Before dining, shopping, or checking into a hotel, millions of Americans turn to online sites like TripAdvisor, Zagat, and Yelp to read peer reviews of businesses, but many of those reviews are turning out to be fake, and sites like Yelp are cracking down on companies abusing the system.
“Some businesses will go to extreme lengths to bolster their reviews,” said Eric Singley, vice president of Yelp’s consumer products and mobile division, in a statement.
To combat fraud on its site, the Yelp security team conducted an undercover sting operation on websites like Craigslist, where they found some businesses posting employment ads, offering to pay $10 for each bogus positive review.
Yelp workers went onto Craigslist to sell positive reviews and some businesses responded, paying for good reviews, so Yelp is now posting consumer alerts on the pages of companies suspected of soliciting and using reviews-for-hire.

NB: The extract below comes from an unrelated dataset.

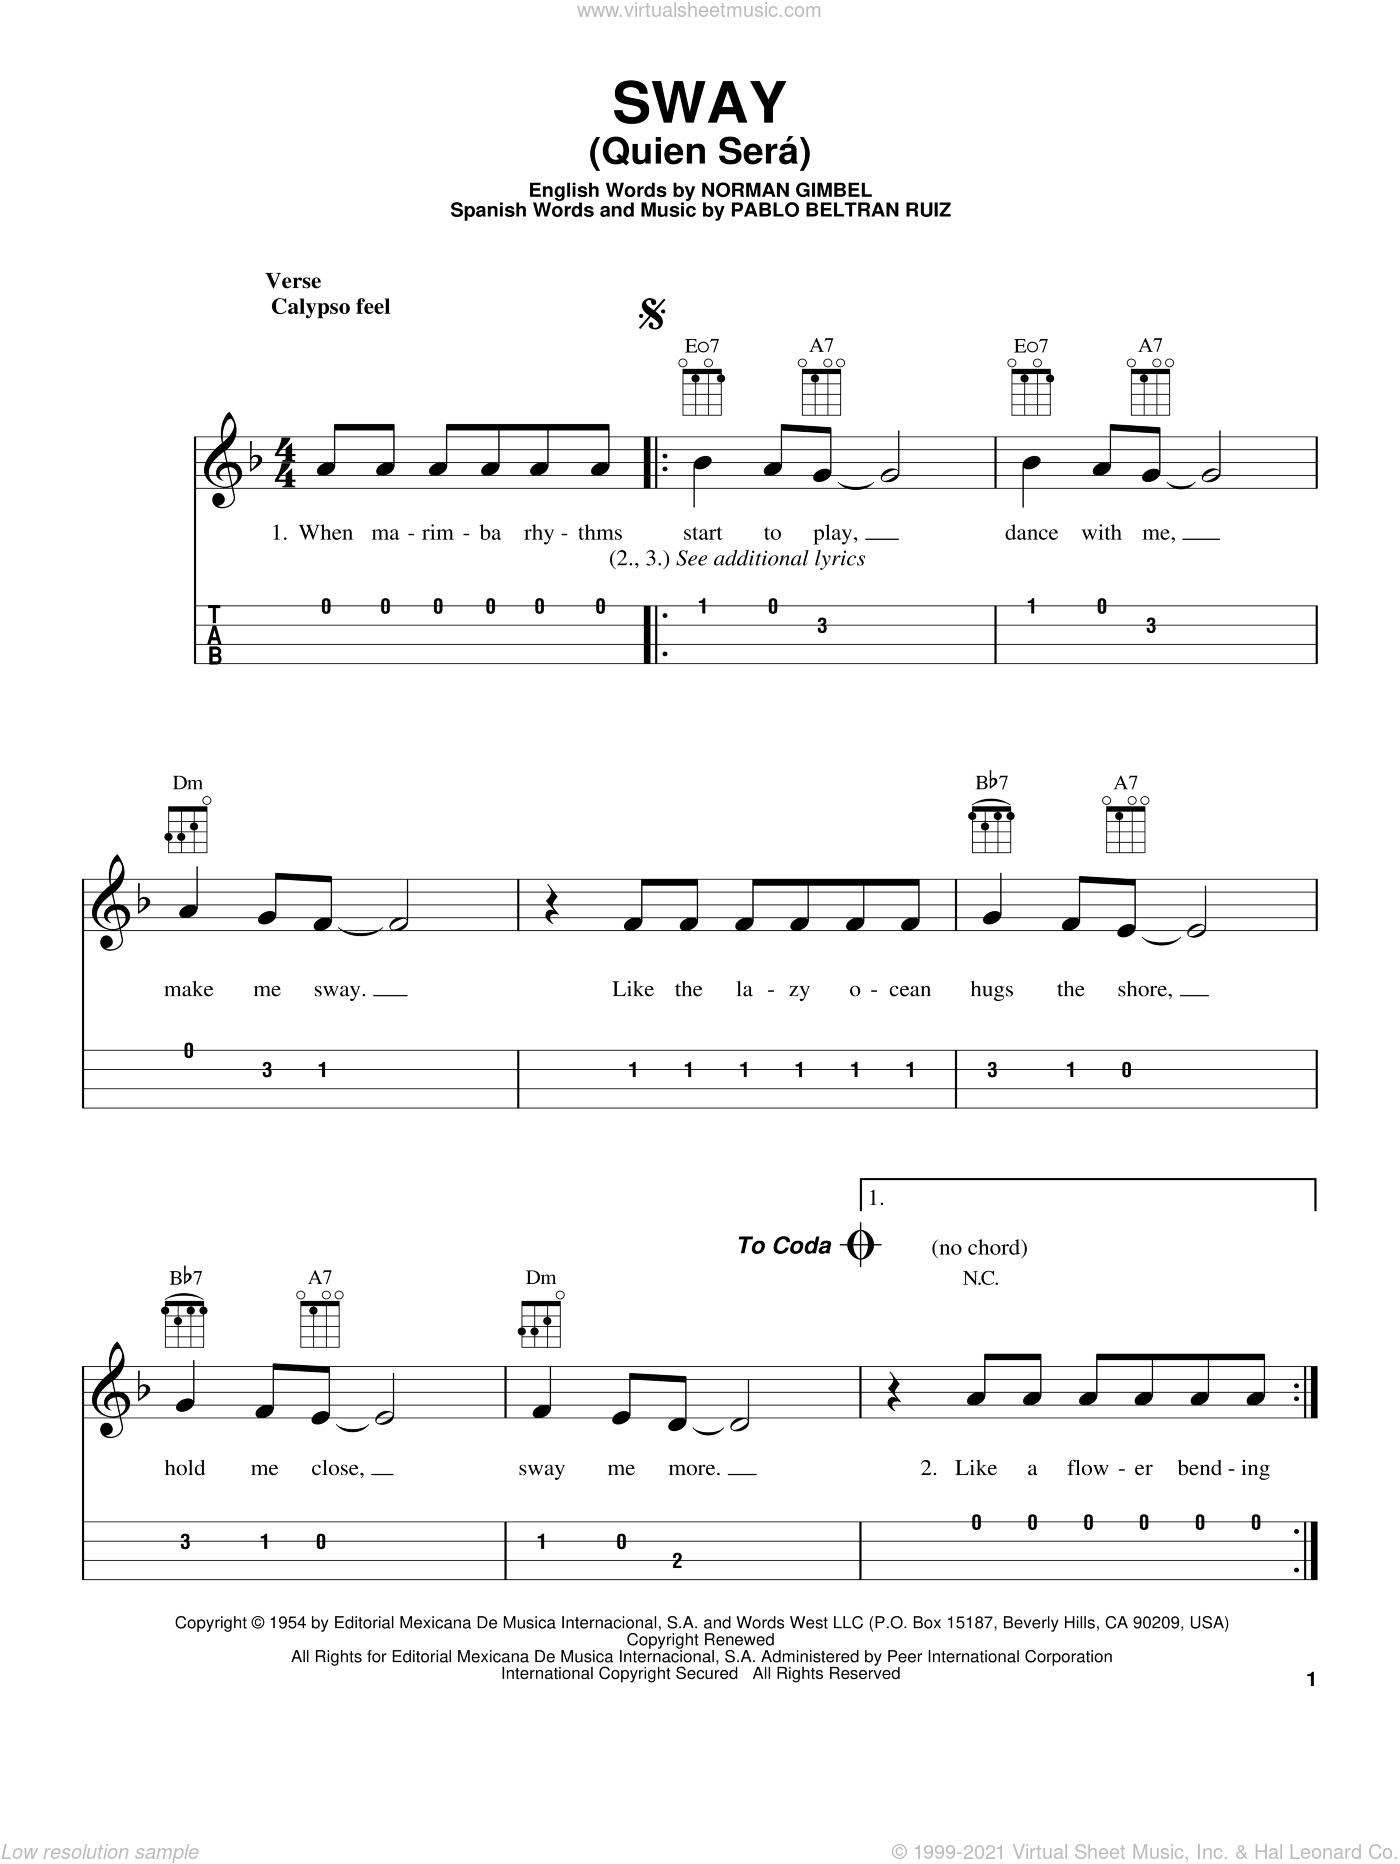 Sway (Quien Sera) sheet music for ukulele by Dean Martin, intermediate skill level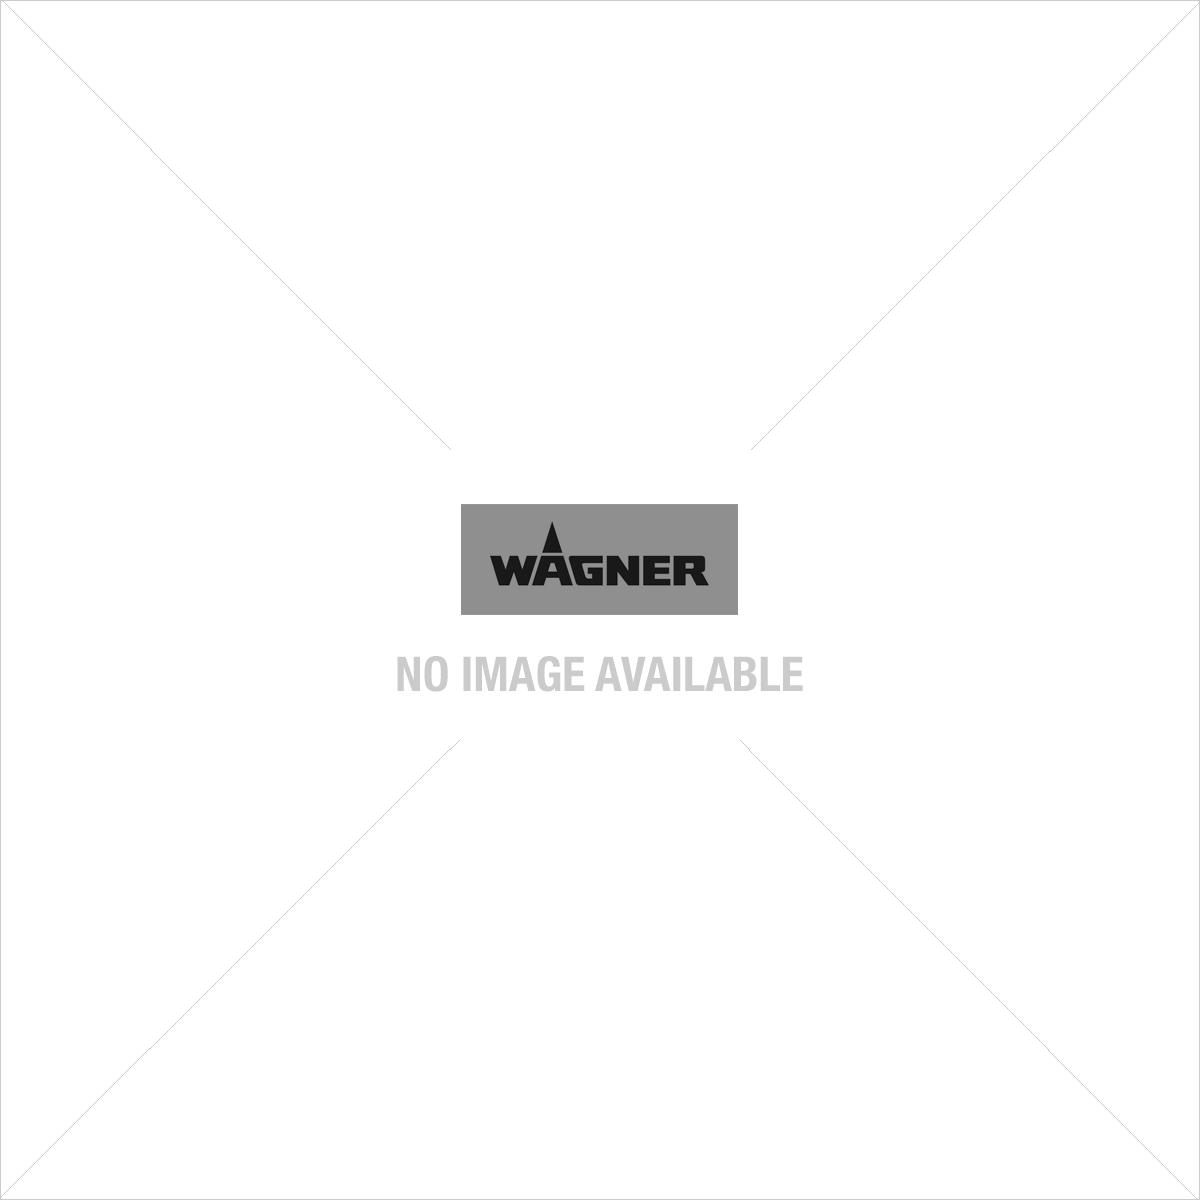 Wagner XVLP 5000 Paint Sprayer

The consumer alerts will stay up for at least 90 days, and even longer if the suspicious activity continues. Yelp will also inform visitors when a business has a large number of reviews posted from the same computer, a red flag for fake reviews.
According to a Nielsen survey released earlier this year, 70 percent of global consumers trust online consumer reviews.
Yelp averages approximately 78 million visitors each month offering “strong incentive for some businesses to try to game the system,” the company said.